• _Activity_
Without the pictures, give the listing below again exactly.

• _Data provided_
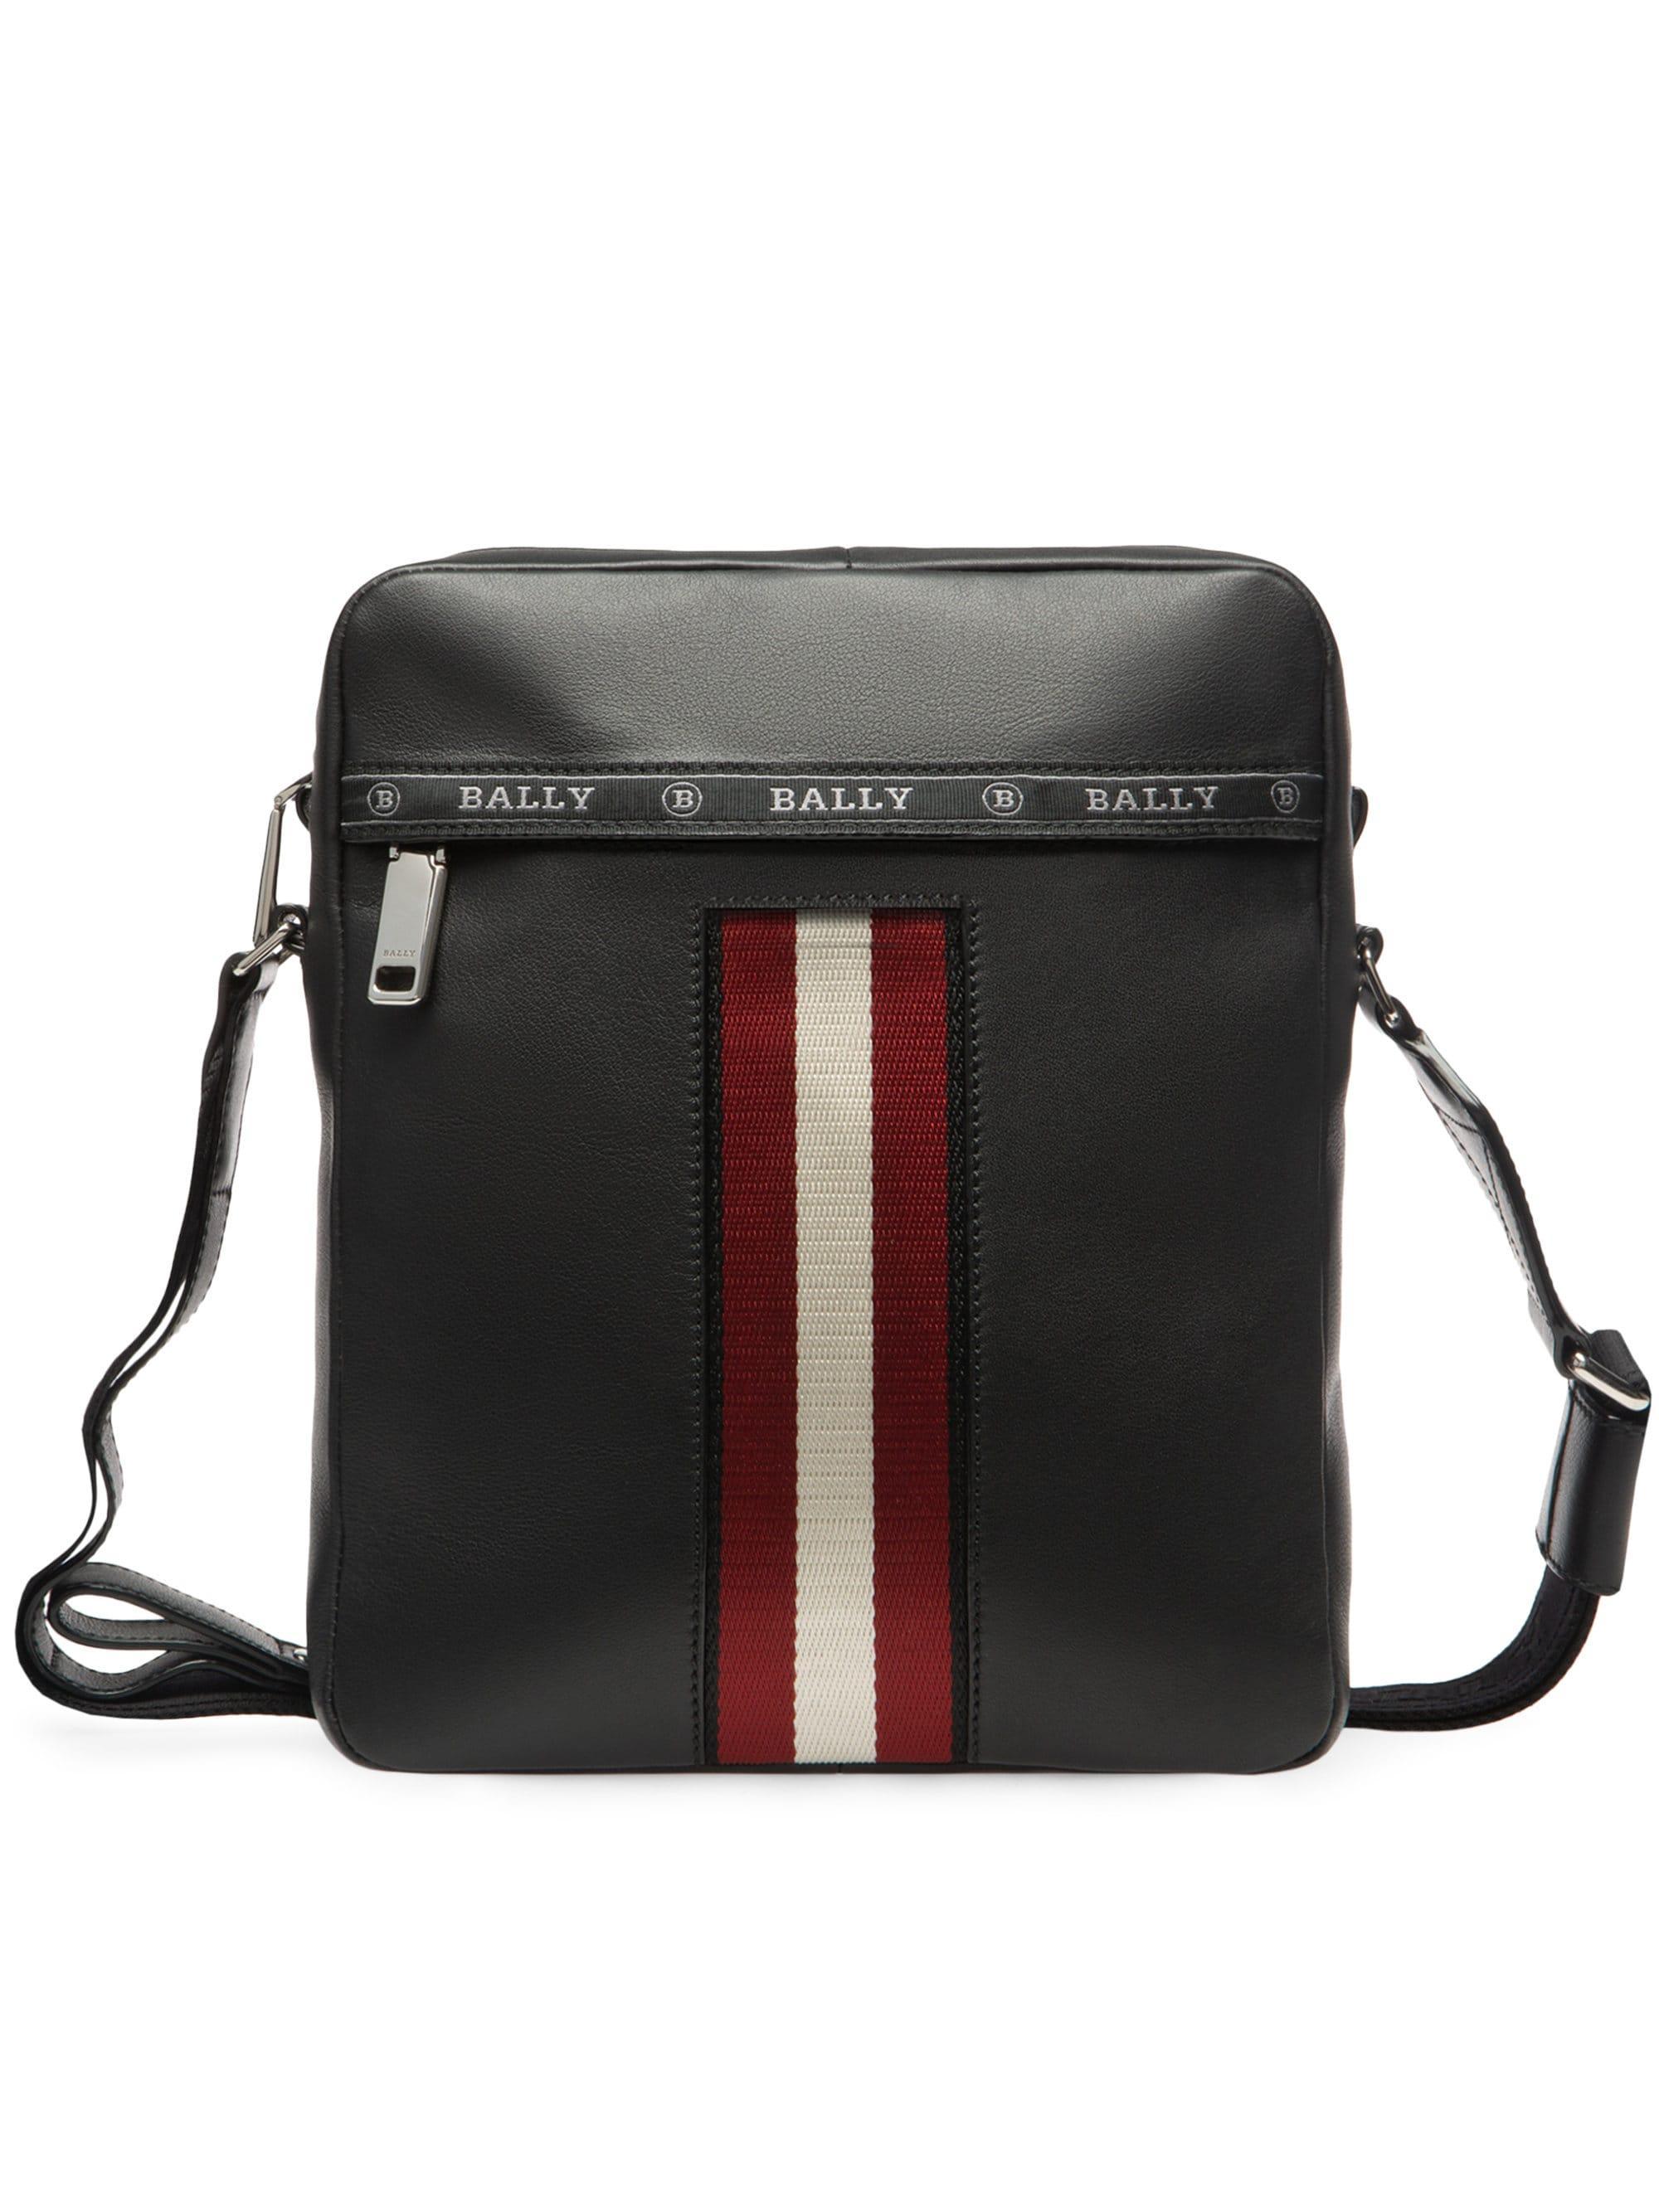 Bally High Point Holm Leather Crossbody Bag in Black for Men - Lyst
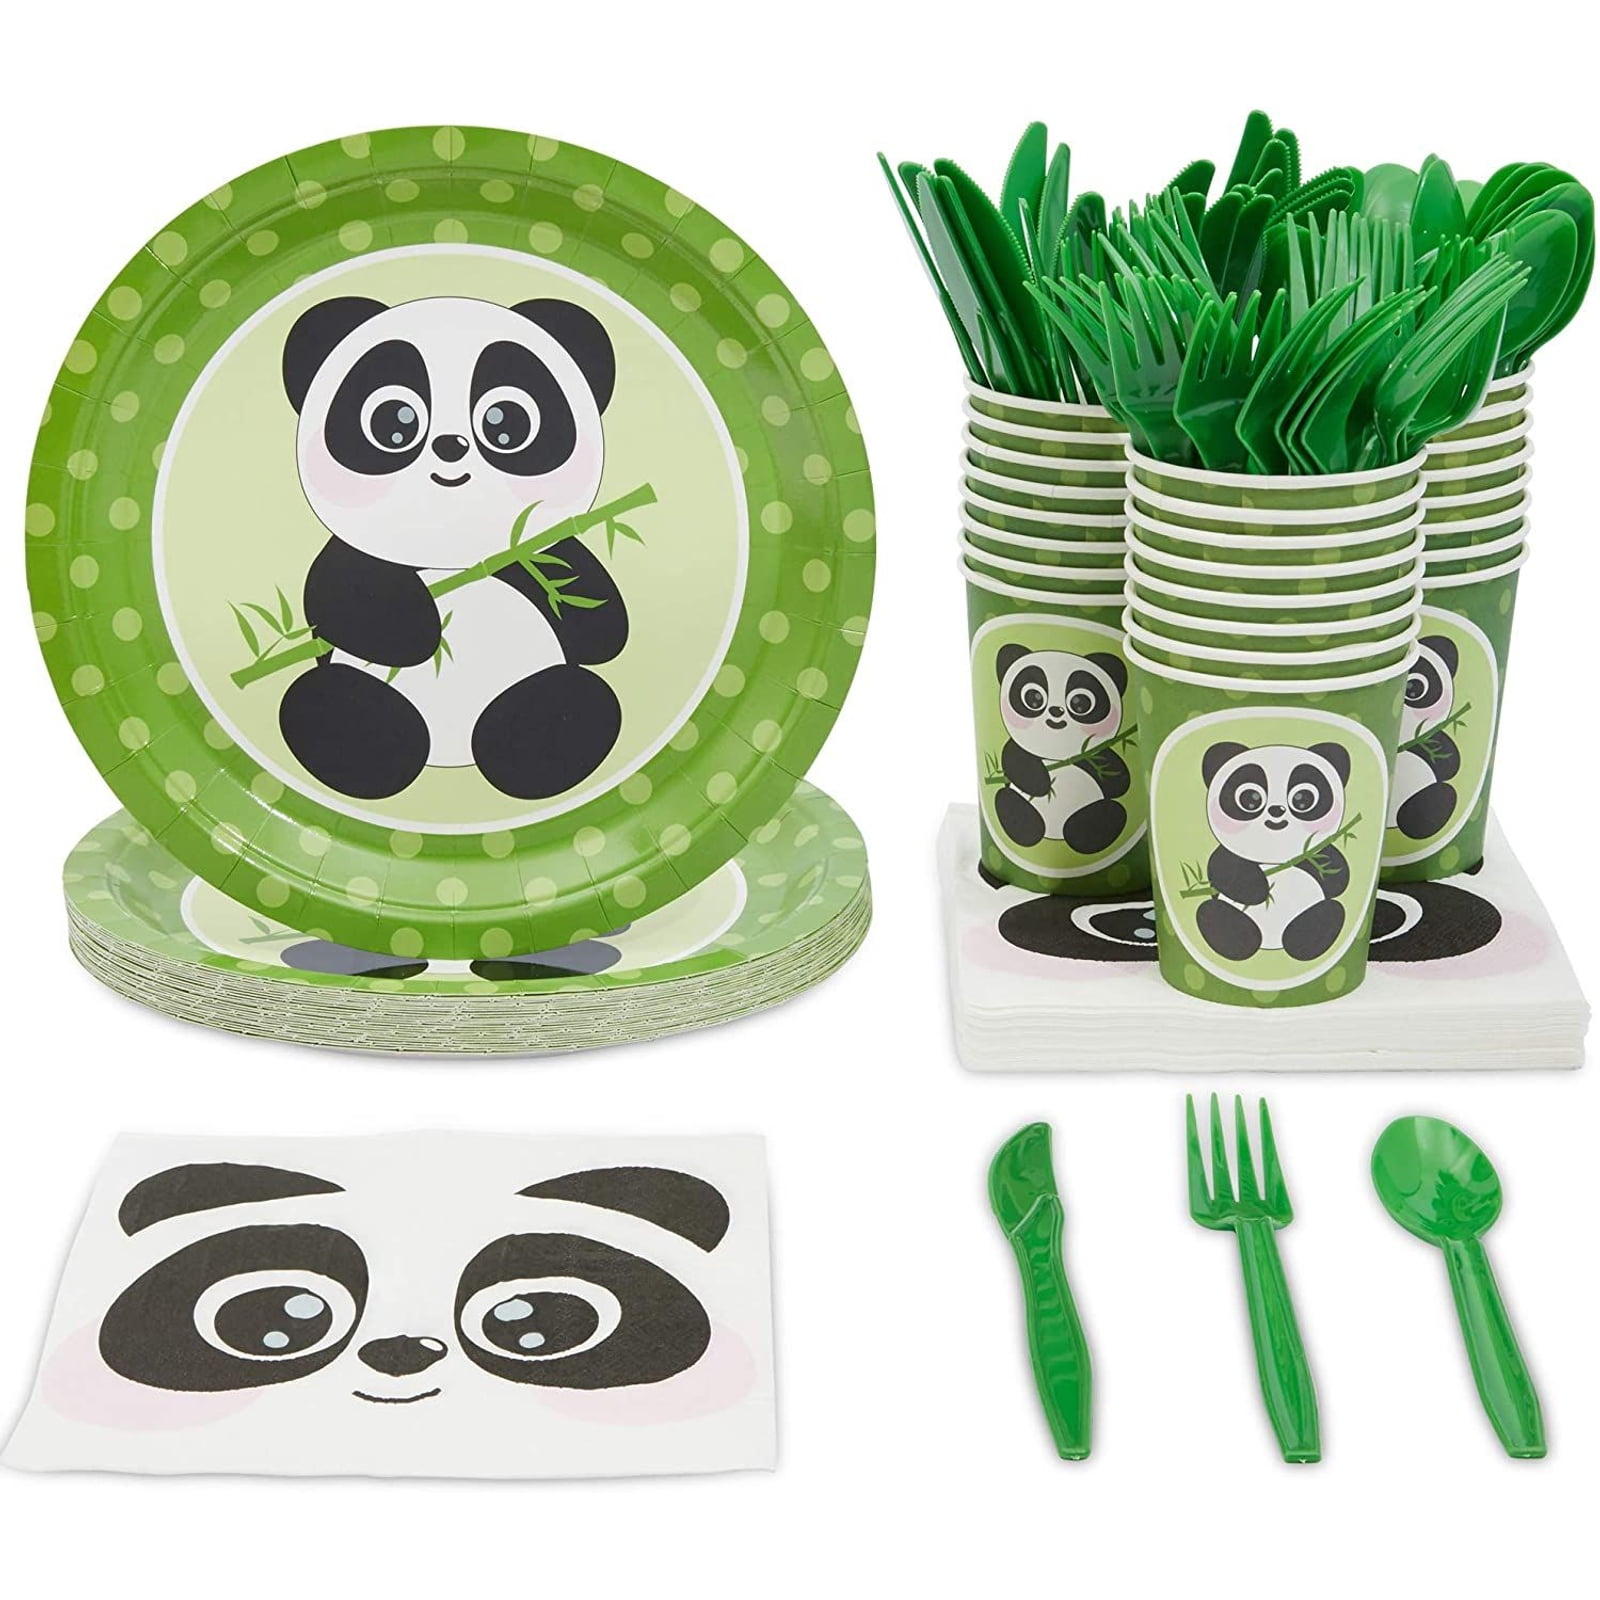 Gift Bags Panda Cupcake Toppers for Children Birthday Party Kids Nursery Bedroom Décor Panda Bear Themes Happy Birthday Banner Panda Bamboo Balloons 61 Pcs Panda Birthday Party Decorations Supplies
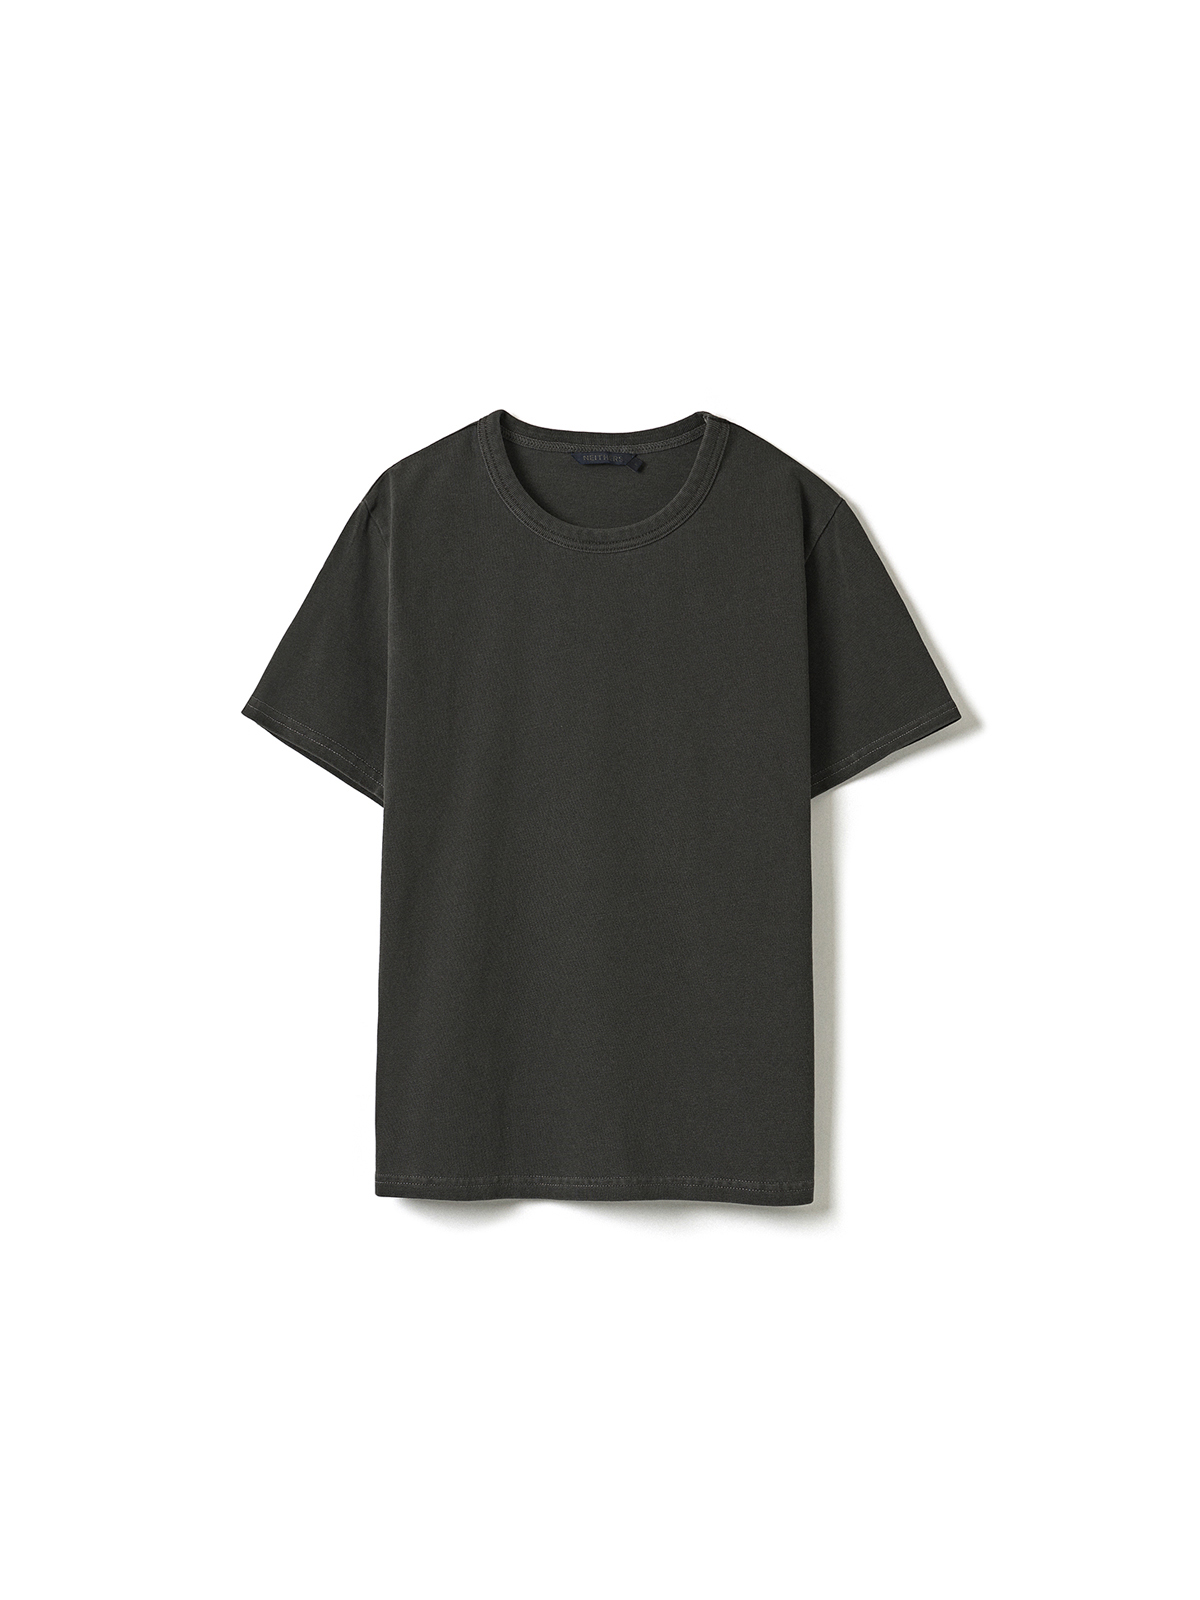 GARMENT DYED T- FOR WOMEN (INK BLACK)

• _Solution_
 Bally High Point Holm Leather Crossbody Bag in Black for Men - Lyst
 Gift Bags Panda Cupcake Toppers for Children Birthday Party Kids Nursery Bedroom Décor Panda Bear Themes Happy Birthday Banner Panda Bamboo Balloons 61 Pcs Panda Birthday Party Decorations Supplies
 GARMENT DYED T- FOR WOMEN (INK BLACK)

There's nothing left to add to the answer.